Irrespective of the form an insult takes, it has devastating effects on the child. Despite this fact, it is a common experience of an average Nigerian child. In fact, there is hardly a Nigerian adult that did not experience any of the above listed forms of insult as a child. This however does not make this act right.
Having looked at the negative effects of insult on children, any parent that really wants to provide the needed support for the child must abstain or avoid the use of insult as a disciplinary tool.

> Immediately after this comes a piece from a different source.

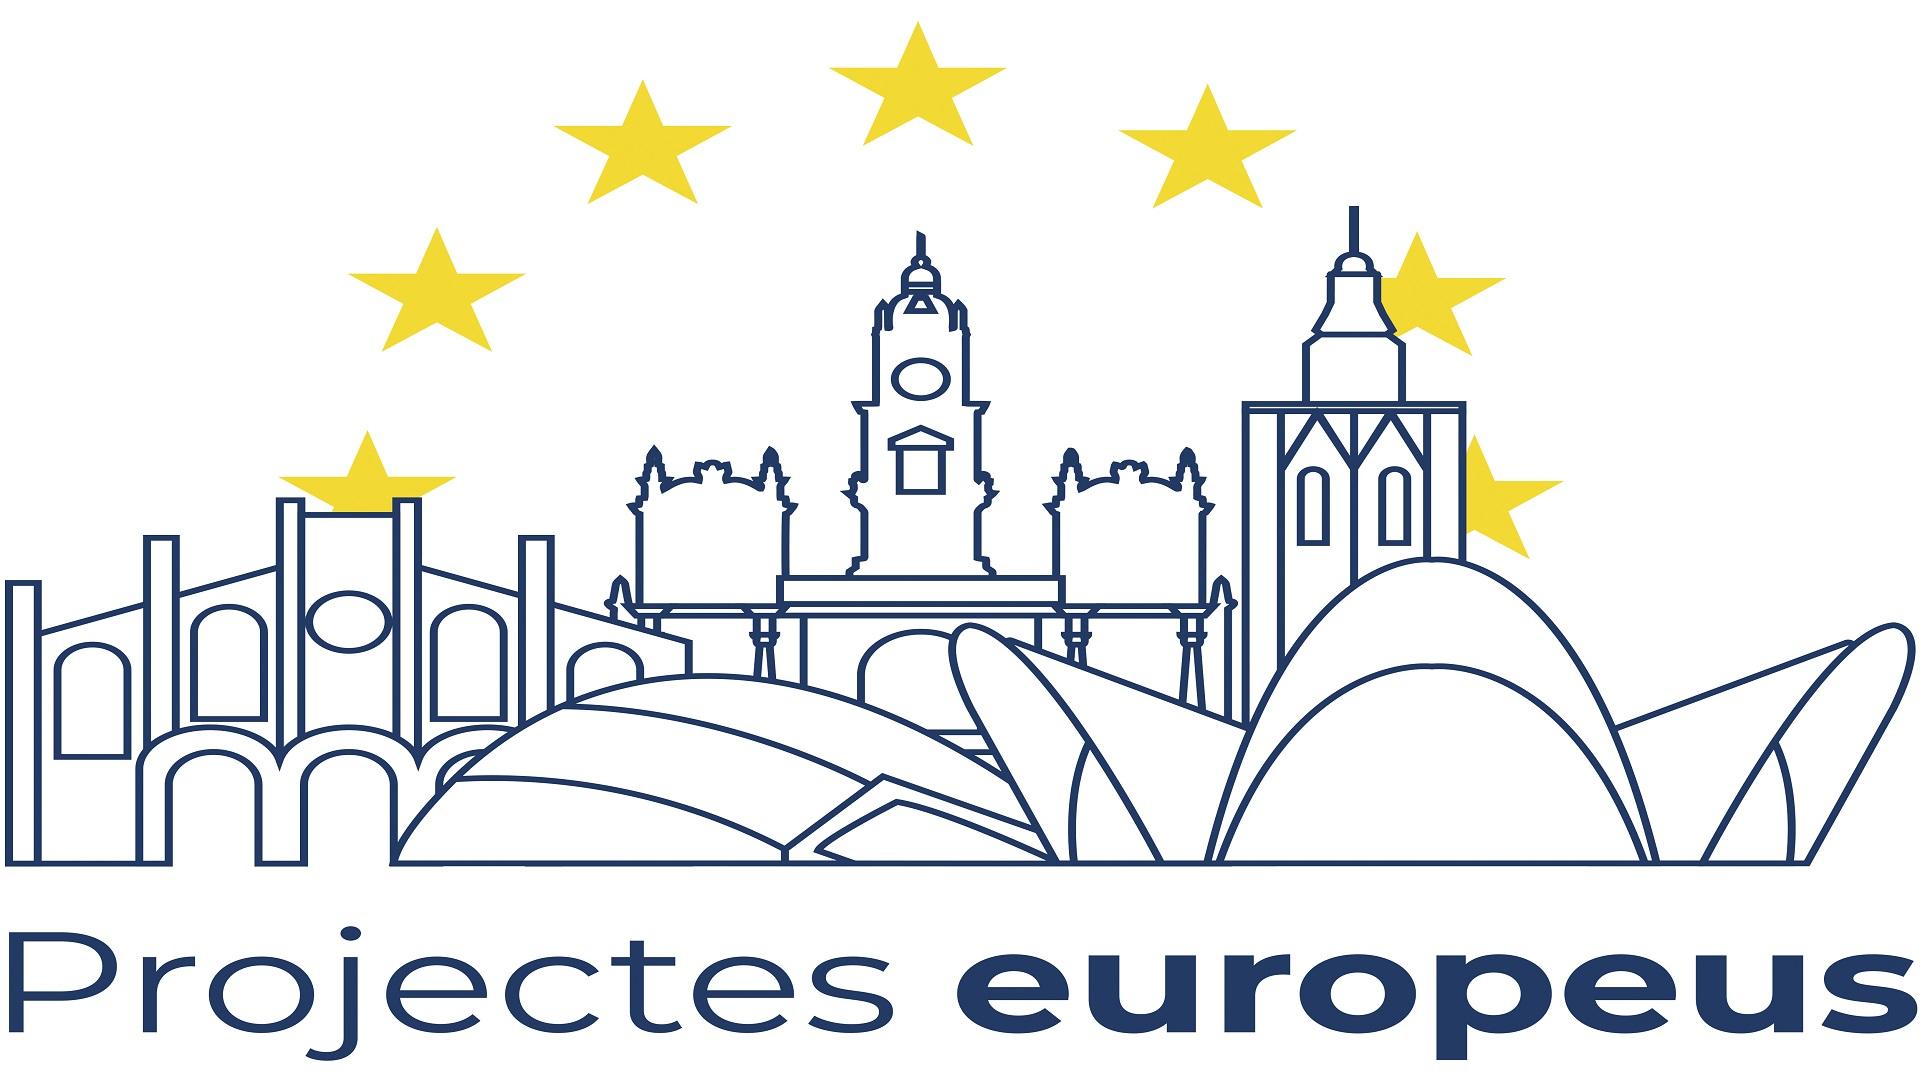 Projectes europeus

If this act is already in existence, parents must make deliberate effort towards total elimination. You must understand that although physical abuse, as a disciplinary tool may remedy the error at the present time it causes more damage in later years. Suggestions on alternative discipline approach to insult and use of physical force are provided in later sections.
A physical abuse, worthy of special mention is sexual abuse. This is necessary due to how prevalent it has become in our present time and the wide range of long – lasting (if not permanent) negative effects it has on children.